Free Cash Flow: HPE’s Free Cash Flow is modest, at about $560 million. On a Free Cash Flow Yield basis, that translates to 2.66%. Just a few months ago, Free Cash Flow was about $1.2 billion, and started 2020 at $1.7 billion. That decline is a good indication of the kind of pressure the company had to deal with in 2020 as enterprise spending dropped sharply, with corporations deferring many of their expensive technology purchases throughout the year.

Debt to Equity: HPE has a debt/equity ratio of .74, which is a conservative number. Their balance sheet shows $4.2 billion in cash against $11.9 billion in long-term debt. Their balance sheet indicates their operating profits are adequate to service their debt for now; however if Net Income turns back to a negative pattern in the quarters ahead, the company will be forced to rely primarily on its strong liquidity. It is worth noting that at the end of the first quarter of 2020, cash and liquid assets were about $5.1 billion.

Dividend: HPE pays a dividend of $.48 per share, which translates to an annual yield of about 2.99% at the stock’s current price. I think that it is also noteworthy that the company has not cut or reduced their dividend; in fact it remains a bit above the $.44 per share payout they maintained until the beginning of 2020, when management increased the dividend.

Price/Book Ratio: there are a lot of ways to measure how much a stock should be worth; but I like to worth with a combination of Price/Book and Price/Cash Flow analysis. Together, these measurements provide a long-term target at about $19 per share. That suggests that even with the stock’s current increase, HPE stock is nicely undervalued by about 24%.

Technical Profile

Here’s a look at the stock’s latest technical chart.

Current Price Action/Trends and Pivots: The chart above traces the last year of price activity for HPE. The red diagonal line traces the stock’s upward trend from its bear market, March low at around $7.40 to its peak just this week a little above $16. It also provides the baseline for the Fibonacci retracement lines shown on the right side of the chart.
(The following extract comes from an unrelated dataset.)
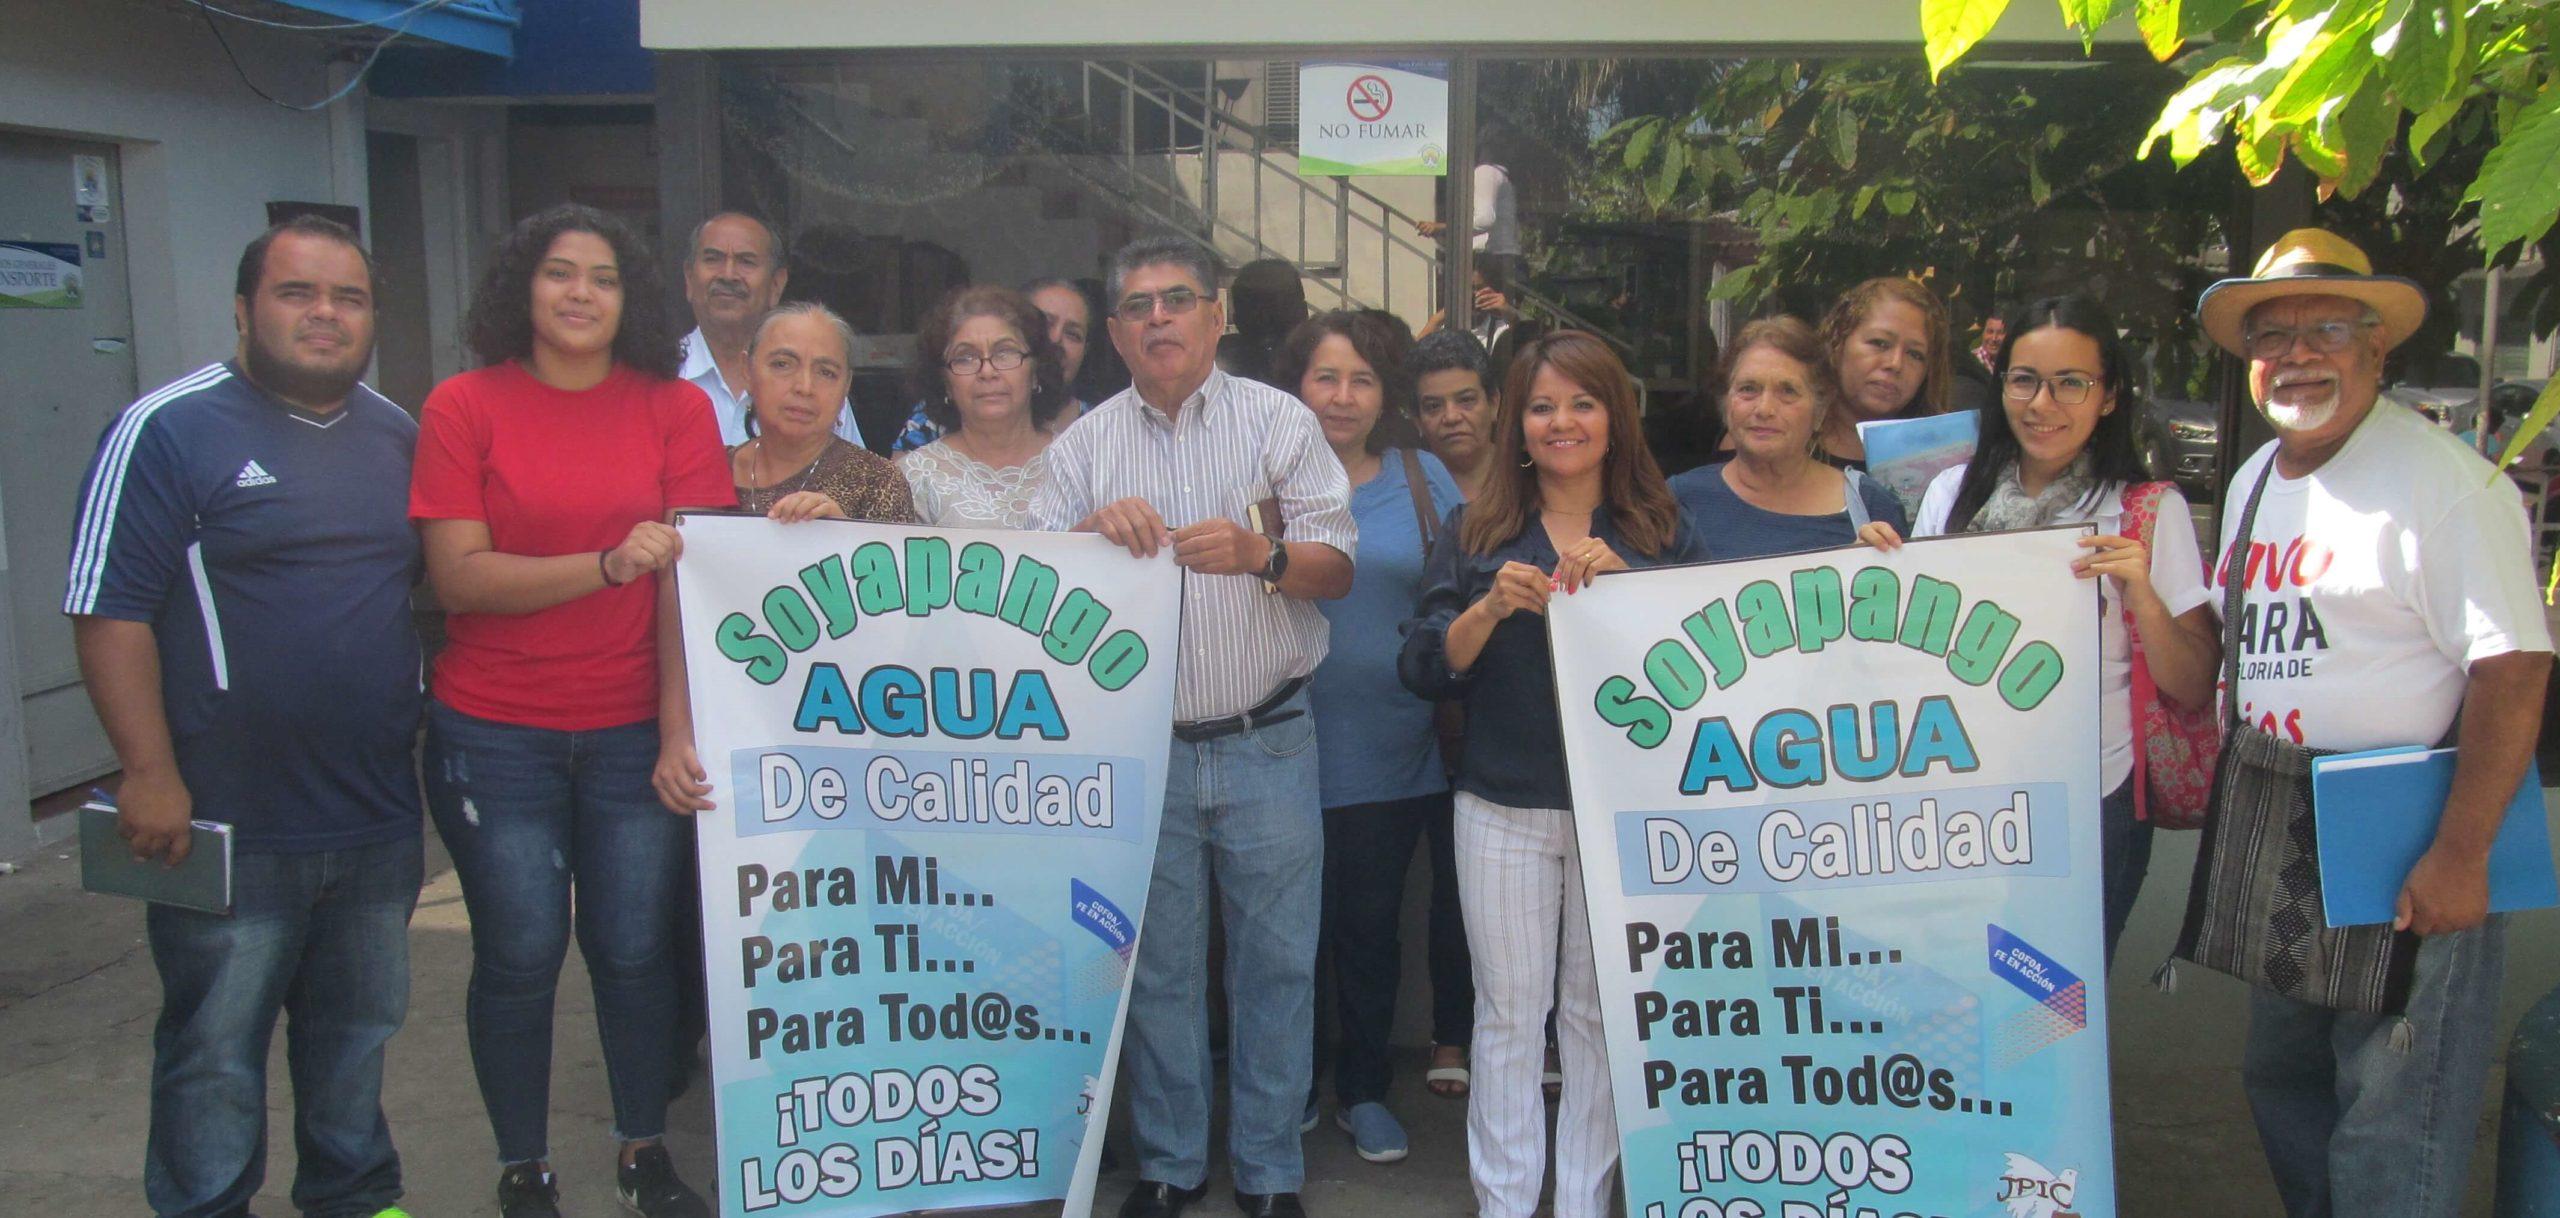 El Salvador: Fighting For Water In Soyapango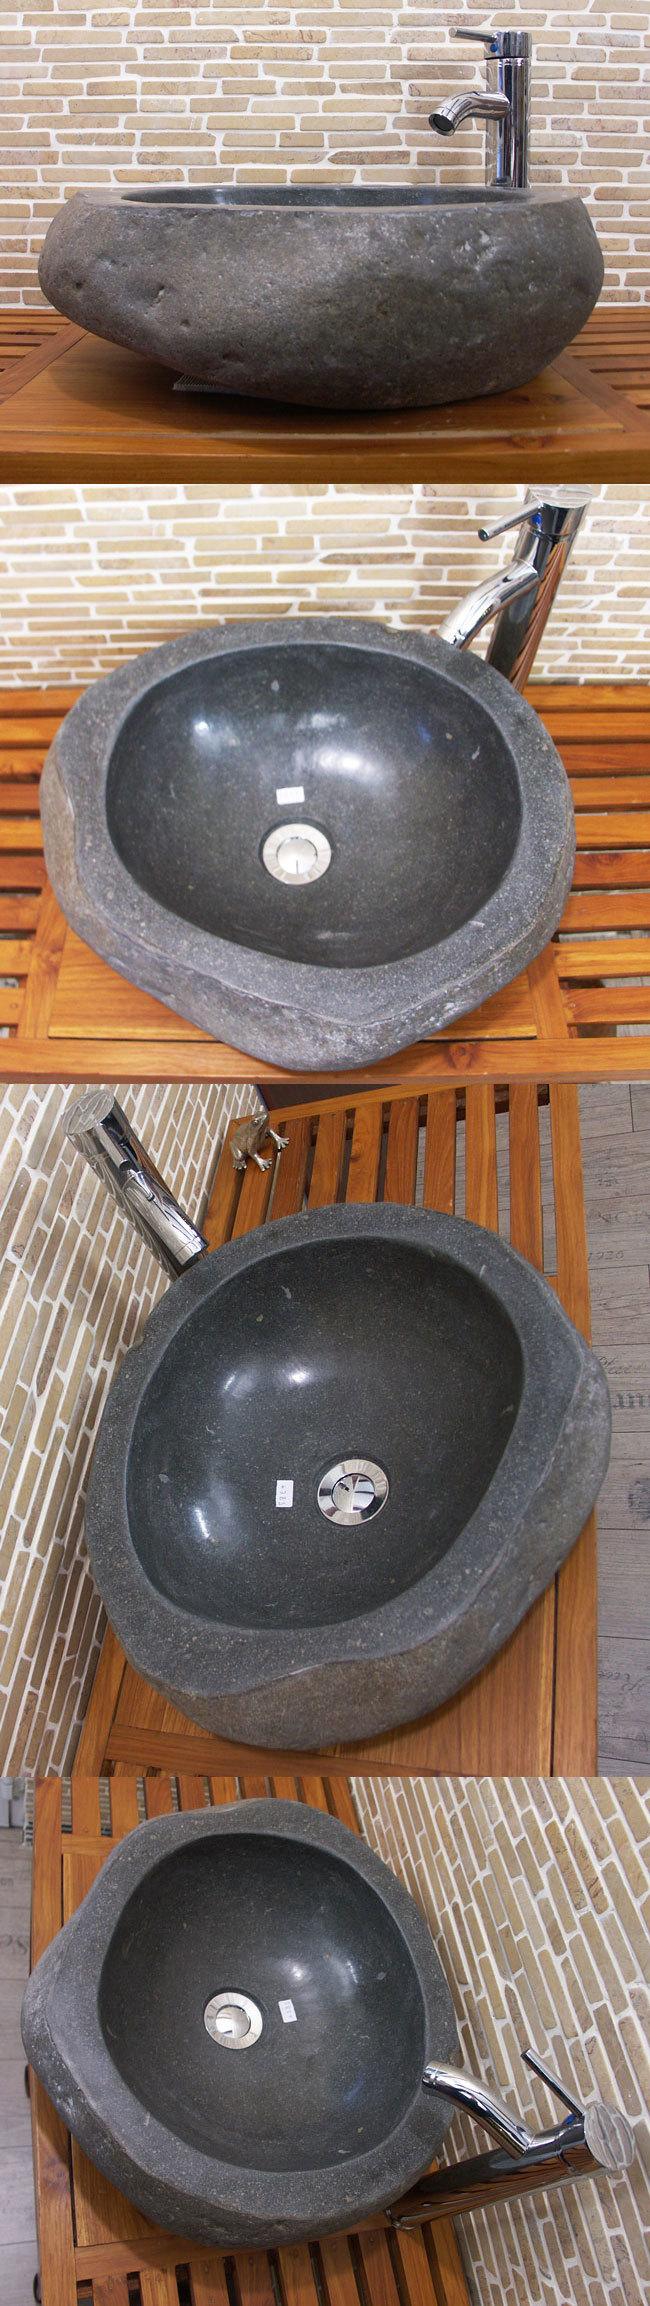 waschbecken aus flussstein bafs 58e ein unikat f r ihr bad. Black Bedroom Furniture Sets. Home Design Ideas

The stock’s increase since November pushed it out of a narrow consolidation range at the bottom of a long-term downward trend, with a strong intermediate-term from that point. Current support is around $14.50, with immediate resistance at $16.50. A break above resistance at $16.50 should offer near-term upside to around $19, based on the distance between prior resistance (current support) and previous support at around $12.

Near-term Keys: The stocks’ current momentum and upward trend is interesting, and if you prefer to focus on short-term trades could be a reason to start looking for a trading signal. A break above $16.50 could offer an opportunity to buy the stock or work with call options, using a target at around $19 as a functional profit target for a bullish trade. A drop below $14.50 might provide a signal to short the stock or buy put options, with $12 acting as a useful near-term target. Despite its current upward strength, I think the best probabilities with HPE actually lie on the long-term, value-based side. This is a company that appears to have weathered the worst that 2020 had to hand out, and that I think will be in good position to lead out in a very crowded and competitive industry.; With a healthy dividend and a nice value proposition, it could offer a patient investor some good opportunities.